Our bill provides clarity in that it defines “shade tree” as a tree (shade or ornamental) that is in whole or in part in the ROW and was either planted by the municipality or has been designated by the municipality in a municipal shade tree preservation plan. The tree warden shall control these shade trees within a municipality and may, along with the Select Board choose to adopt a shade tree preservation plan, mentioned above, that would be enacted through an ordinance process. It should be clear that there will be many trees in a town that cast shade that will not have been planted by the town or be part of a shade tree preservation plan – they are not subject to this bill unless they are a public hazard or are infected with or infested with disease or pests.

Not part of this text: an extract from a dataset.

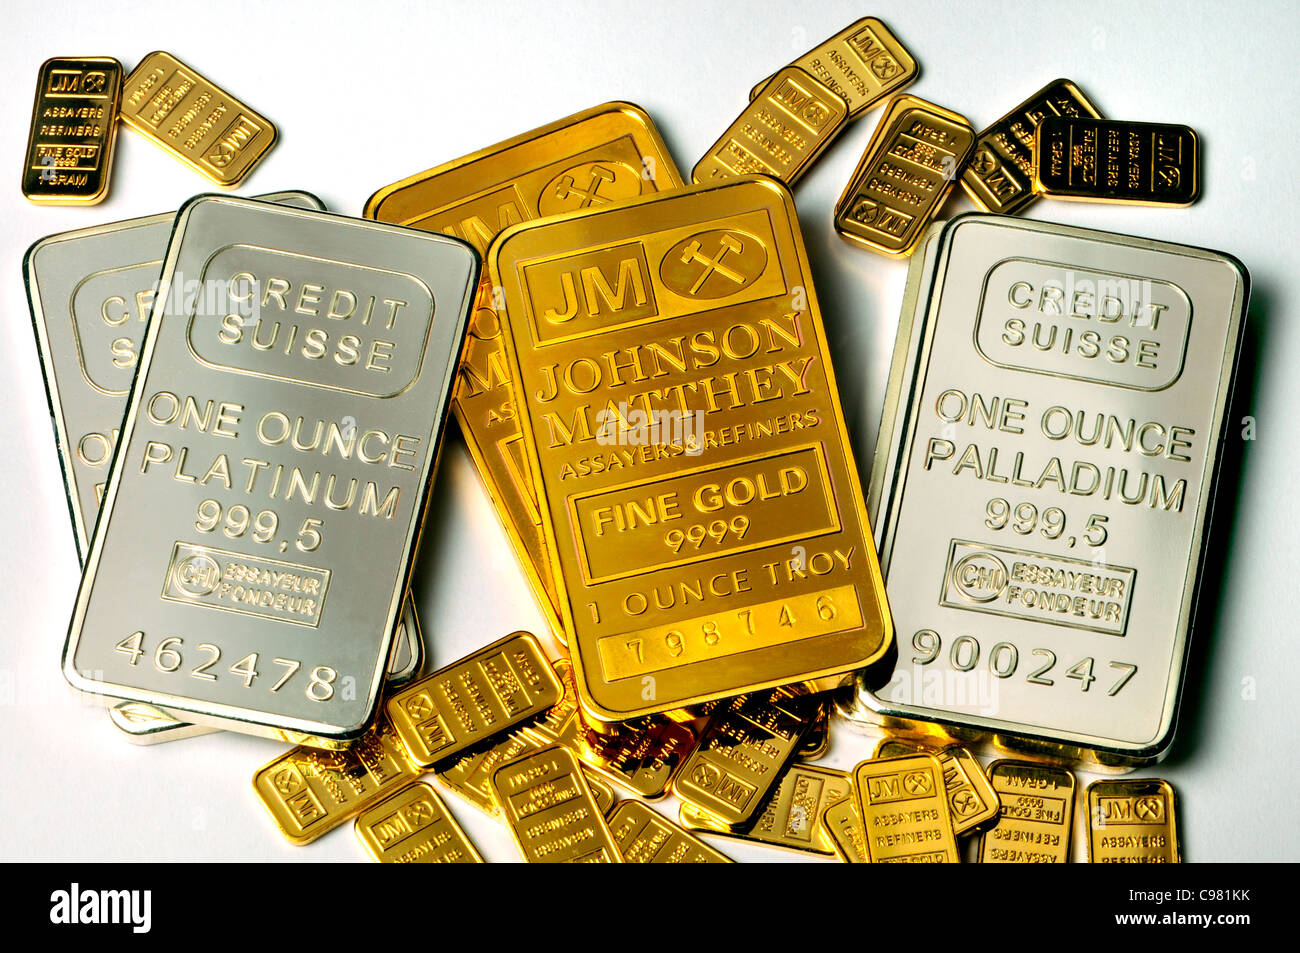 Gold, Platin und Palladium Barren in 1 Unze und 1g Balken / Barren  (vergoldete Repliken Stockfotografie - Alamy

A town doesn’t need to have a shade tree preservation plan if they don’t want. If they choose to have a plan, several elements are required including a description of any program for the planting of new trees and shrubs; provisions for the maintenance of shade trees through feeding, pruning, and protection from noxious insect and disease pests; and the process for the removal of diseased, dying, or dead shade trees. The plan may also designate a tree that is critical to the cultural, historical, or aesthetic character of the municipality. If such a shade tree preservation plan is proposed by the tree warden and legislative body, the public is given an opportunity to weigh in at a minimum of one warned public hearing.
The tree warden will have the ability to remove or cause to be removed any tree that is infected by or infested with any tree pest that constitutes a public hazard. If an abutting landowner has sufficiently controlled insect pests or tree diseases, the tree warden may determine that it is not necessary to remove a tree. There are treatments available for the EAB but they are expensive, so if you have a beloved ash tree that you want to save you can do so.
If designated shade trees are to be removed that are not infected, infested, or are hazard trees, there is a requirement that the tree warden post public notice at least fifteen days before the tree is to be removed. This may be appealed in writing by a resident or landowner of the town and the legislative body will hold a public hearing at which objections to the cutting or removal may be heard. The legislative body will then make its decision, which will be final. It should also be noted that if designated shade trees are located on property that is held in fee by another, the municipality is required to notify the abutting landowner at their address of record so they are aware of what is happening.
H.673 passed second reading in the House on a strong vote. On Wednesday, it will hopefully pass third reading, and we will then see how it fares in the Senate.